Trump Won!, Sandmann Won!, Rittenhouse Won!, Suck it Liberal Fuuktards.
I do like and use many of the heat shrink butt splices, but never had one that self solders.
Another automotive product I love, seeing as I am usually driving a rig closing in on 30 years old. I use solder pellets from NAPA to replace battery cable ends. Just cut off the original end behind any corrosion. Put a solder pellet inside a terminal lug. Insert clean bare copper cable. Then heat with a propane torch until the pellet melts.
I have not had one fail yet repaired in this manner. Then I use a battery post to marine adapter on the battery. From that point on, all it takes is a quick turn of a couple wing nuts to release a battery.
This conversion is especially desirable on old Chevys with crappy side connectors.
IS, Have you ever built up a degraded terminal?
I hate to cut away cast-on terminals, especially if you are limited on wire length. I never thought to build one up with solder...but I have mashed pulled bullets into a shim.
No, I have not tried to add lead to the terminal. I do not gave the tools to do a job like that.

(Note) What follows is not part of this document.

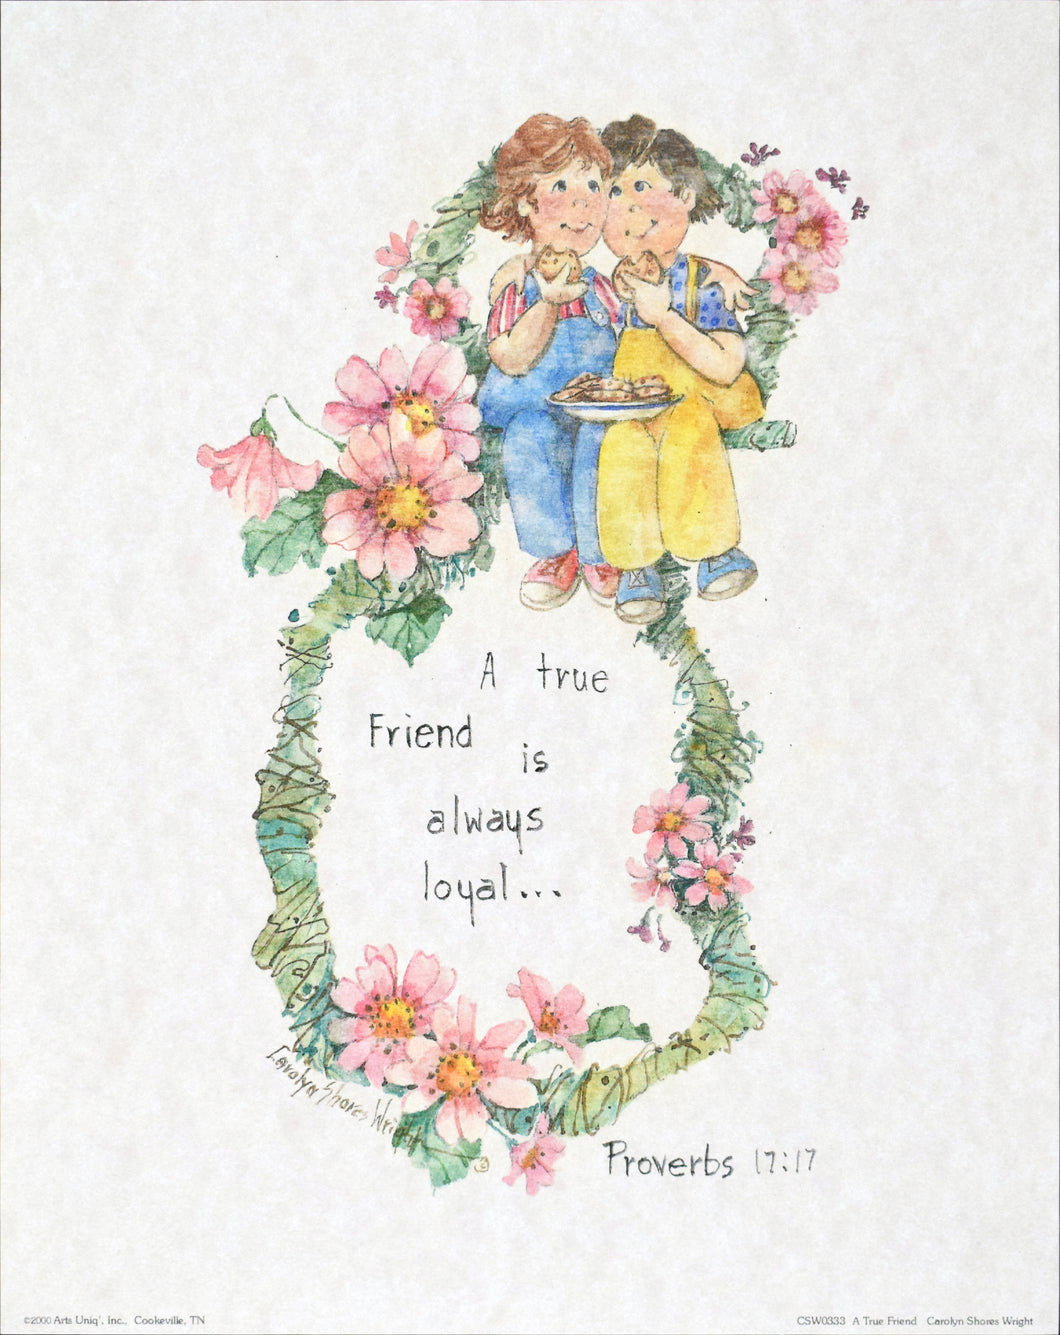 A True Friend is always loyal by Carolyn Shores Wright proverbs 17:17 poster with two friends eating cookies

Growing up on the farm. Having 50 year old tractors around and equipment like hay swathers which only get started six or eight times per year, there are ample opportunities to repair battery cables.
Most commonly used are the terminals which simply clamp to the end of the copper cable. They are okay for temporary repairs, but seldom last beyond several years.
The soldered lugs are far superior.
People who choose to brew up their own storms bitch loudest about the rain.